FDA Advisory Committee Backs TRUQAP® (capivasertib) for PTEN-Deficient Metastatic Hormone-Sensitive Prostate Cancer
The U.S. Food and Drug Administration’s Oncologic Drugs Advisory Committee has delivered a largely favorable assessment of TRUQAP, an investigational targeted therapy developed by AstraZeneca, when used in combination with abiraterone and androgen deprivation therapy (ADT) for patients with PTEN-deficient metastatic hormone-sensitive prostate cancer (mHSPC). The advisory committee voted 7 to 1 in favor of a positive benefit-risk profile, with one member abstaining, signaling strong support for the therapeutic approach in a patient population with significant unmet medical need.
Regulatory Momentum and Background
The ODAC recommendation represents an important milestone in the regulatory pathway for TRUQAP in this indication. The FDA had previously accepted a supplemental New Drug Application (sNDA) for the combination therapy in August 2025, based on data from the pivotal CAPItello-281 Phase III clinical trial. These results were first presented at the European Society for Medical Oncology Congress 2025 and simultaneously published in the journal Annals of Oncology, highlighting the scientific and clinical relevance of the findings.
The ODAC serves as an independent panel of oncology experts that provides non-binding recommendations to the FDA regarding the safety and efficacy of cancer therapies. While the FDA is not obligated to follow the committee’s vote, such recommendations often carry significant weight in the agency’s final decision-making process.
Addressing an Aggressive Disease Subtype
Metastatic hormone-sensitive prostate cancer represents an earlier stage of advanced prostate cancer in which tumors still respond to hormonal therapy. However, within this category, patients whose tumors exhibit PTEN deficiency—a genetic alteration involving the loss of a tumor suppressor gene—face particularly aggressive disease progression and poorer clinical outcomes.
According to clinical experts, these patients experience faster disease advancement, earlier transition to castration-resistant prostate cancer, and ultimately higher mortality rates. Current treatment options for PTEN-deficient mHSPC remain limited, underscoring the urgency for new targeted therapies.
Daniel George, MD, Director of Genitourinary Oncology at the Duke Cancer Institute and an investigator in the CAPItello-281 trial, emphasized the clinical significance of the ODAC’s recommendation. He noted that patients with PTEN-deficient disease often have diminished quality of life and limited therapeutic choices, making the availability of a new treatment option particularly meaningful. He highlighted that delaying disease progression in this population could have a substantial impact on patient outcomes.
CAPItello-281 Trial: Key Efficacy Findings
The CAPItello-281 Phase III study represents the first pivotal trial to prospectively identify and evaluate patients with PTEN-deficient metastatic hormone-sensitive prostate cancer. The trial assessed the addition of TRUQAP to standard-of-care therapy consisting of abiraterone and ADT, compared with abiraterone and ADT plus placebo.
Results from the primary analysis demonstrated a statistically significant improvement in radiographic progression-free survival (rPFS), the study’s primary endpoint. The addition of TRUQAP reduced the risk of disease progression or death by 19% compared to the control arm, corresponding to a hazard ratio of 0.81. Median rPFS improved from 25.7 months in the placebo group to 33.2 months in the TRUQAP combination arm—an increase of 7.5 months.

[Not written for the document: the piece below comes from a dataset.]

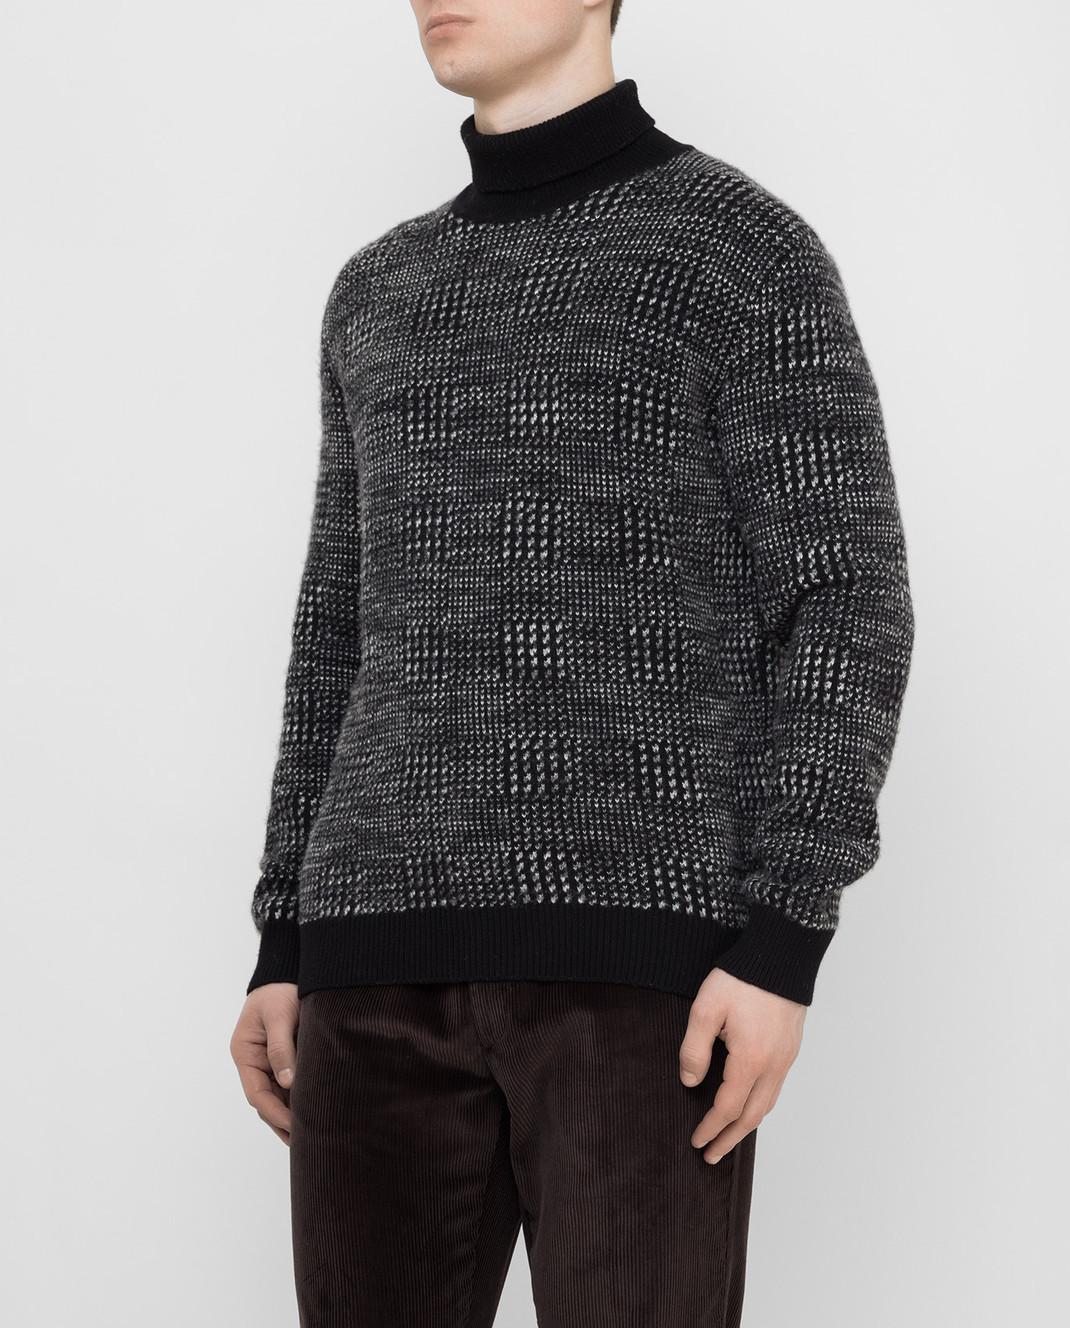 Ermenegildo Zegna Черный свитер из кашемира и шелка URH85120 изображение 3
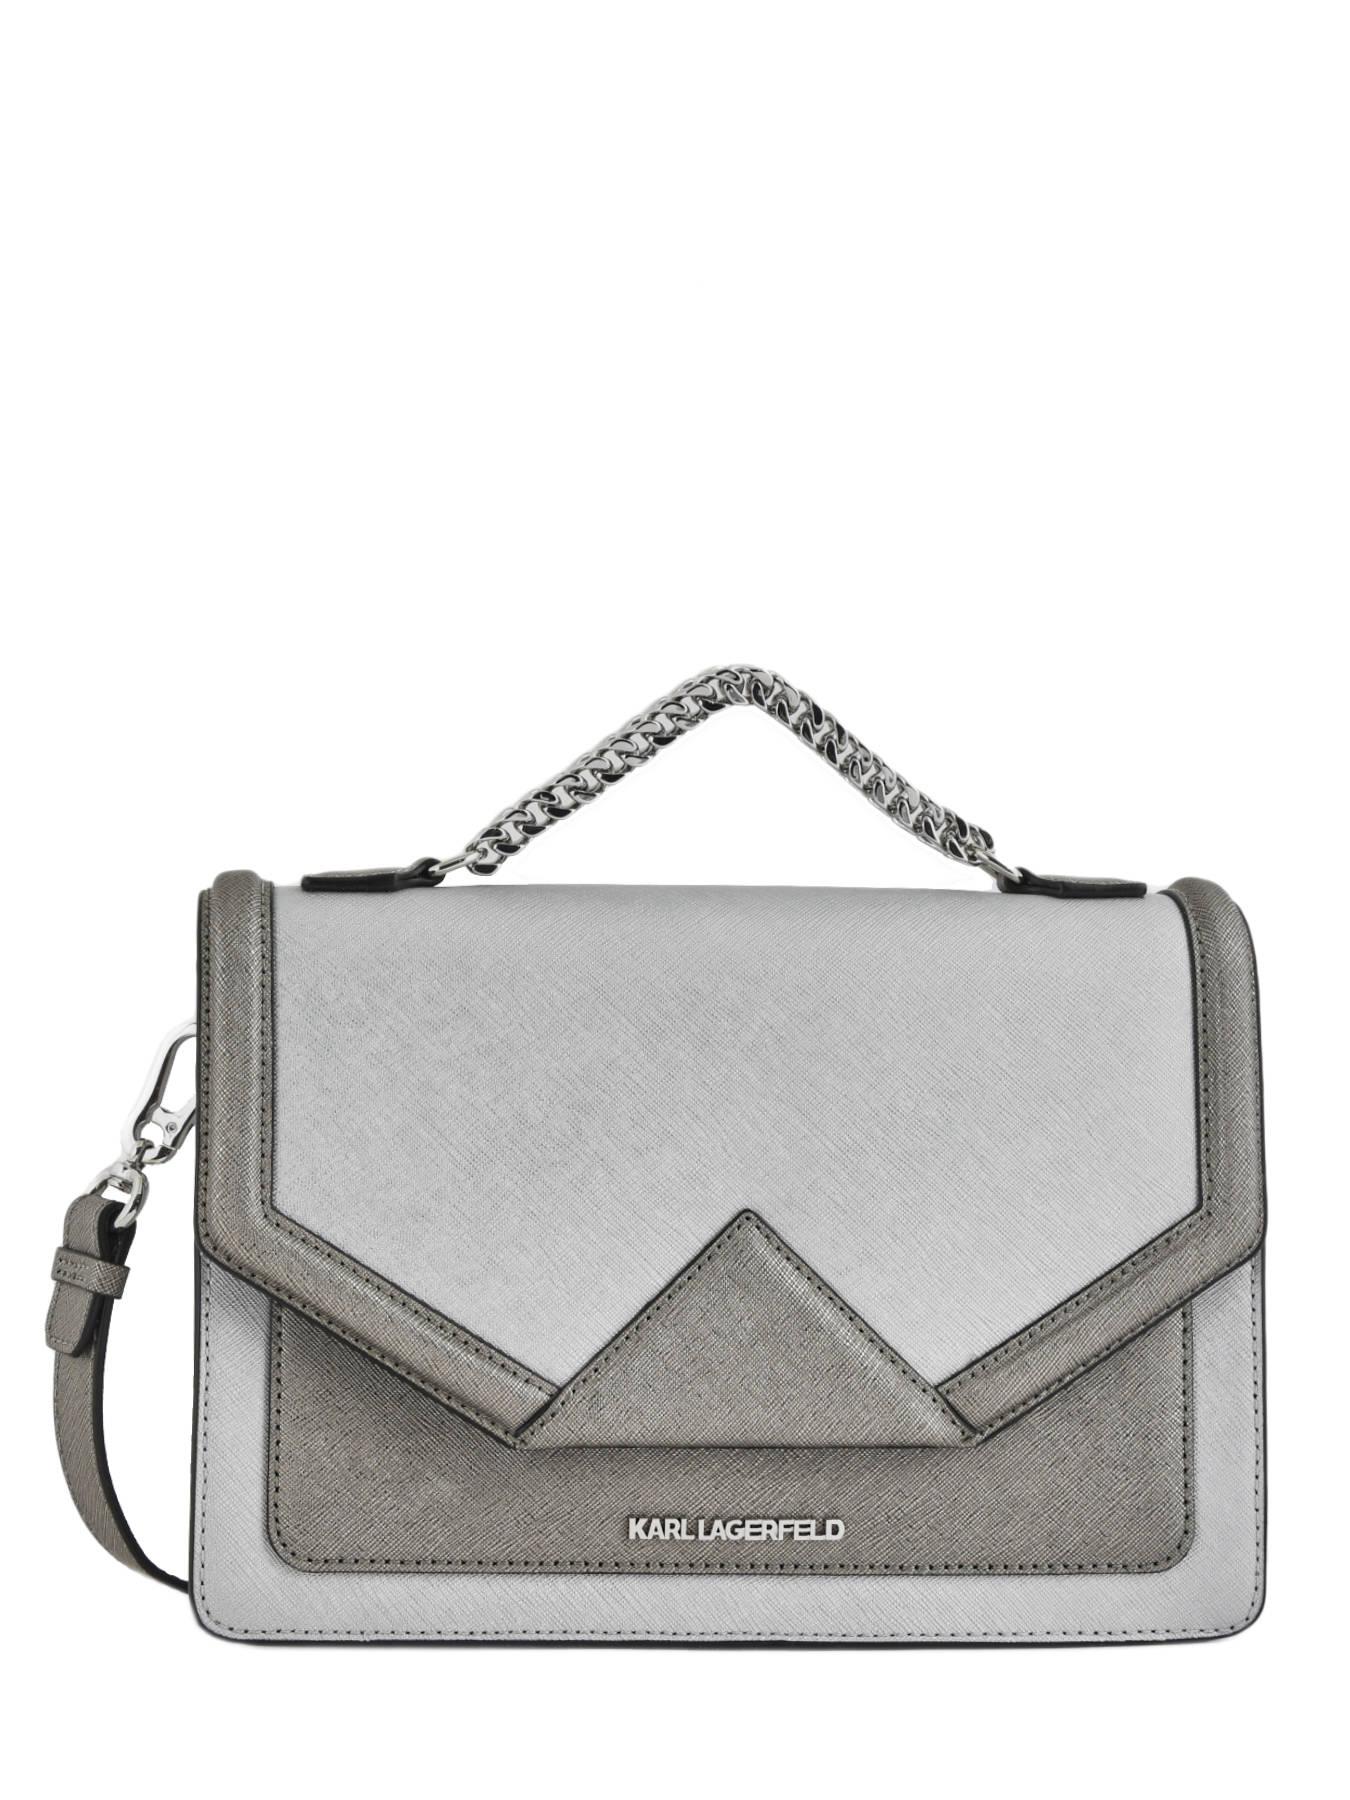 Shoulder Bag Klassik Leather Karl Lagerfeld Multicolor 81kw3023

These findings indicate that targeting the AKT pathway with capivasertib may effectively delay tumor progression in patients with PTEN loss, a subgroup historically associated with resistance to standard therapies.
Secondary Endpoints Reinforce Clinical Benefit
Beyond the primary endpoint, the trial demonstrated consistent benefits across multiple key secondary endpoints. Time to castration resistance—a critical milestone in prostate cancer progression—was significantly prolonged in patients receiving TRUQAP, with a median duration of 29.5 months compared to 22.0 months in the control group (hazard ratio 0.77).
Similarly, progression based on prostate-specific antigen (PSA) levels showed improvement, with a hazard ratio of 0.73, indicating a trend toward delayed biochemical progression. Although the confidence interval for this endpoint approached statistical significance, the overall direction of effect aligned with the broader efficacy profile observed in the trial.
Another clinically meaningful outcome was symptomatic skeletal event-free survival (SSE-FS), which reflects the time until complications such as fractures or spinal cord compression occur. Patients treated with TRUQAP experienced fewer and delayed skeletal events, with median SSE-FS extending to 42.5 months compared to 37.3 months in the comparator arm.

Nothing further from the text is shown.